We looked at Mr Yunnan. This extra presence. This unassembled, severed set of bones that we had touched with our own bare hands. It was only when Pado explained that you could tell he was a young man and that he might well have been a prisoner, that I knew that the hinge at the base of his neck was fastened to the point where the executioner shot the bullet that ripped his life away. I knew it. It grew inside me, an unwanted thought that has stayed in my head ever since.

‘He may have died naturally,’ Duccio announced, but he wasn’t convinced either.

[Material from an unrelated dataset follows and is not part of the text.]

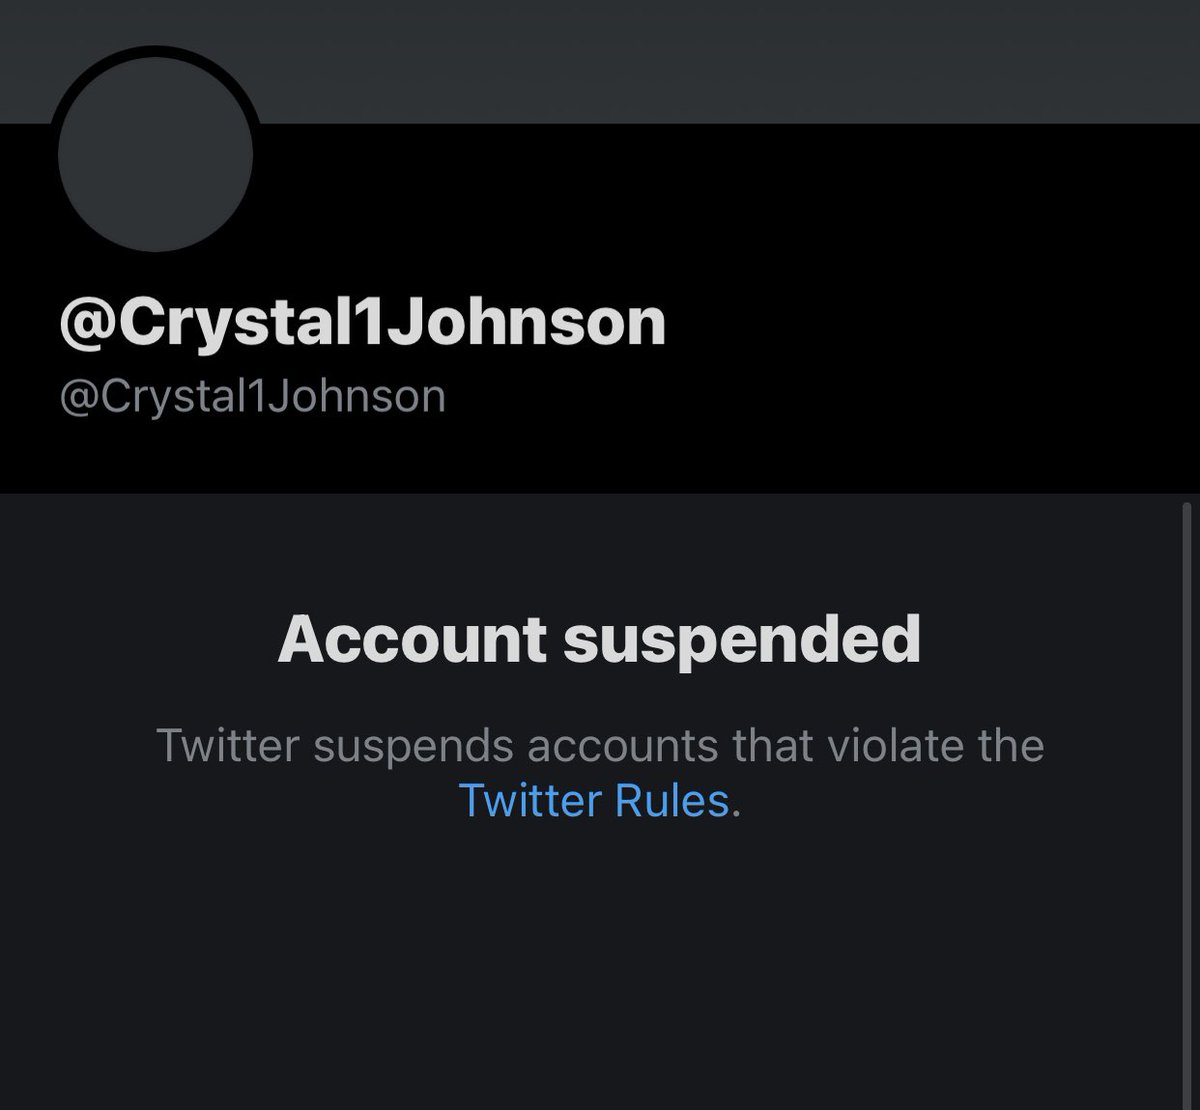 @solodeauxleaux @Crystal1Johnson was a mildly popular black Twitter account that turned out to be a bot 🤖

He just said it the way Pado insists that Mr Yunnan gave his life for Science, or the way Ama quietly swallows and tells us that nothing is going to bring back our grandfather, Grand Maurice, now that he’s dead and drowned in a lake in France. You only have to read Pado’s books to see that there’s no turning back: the organs laid out on metal trays, the close-up pinkish patterns with diagrams, the weight of a lung lying alone without a body. Most people don’t give their names, Pado says. They merely die and get cut up and photographed. But the tumour, on page four of Pado’s cancer book, has a name tag to the side of it. It’s too small to read.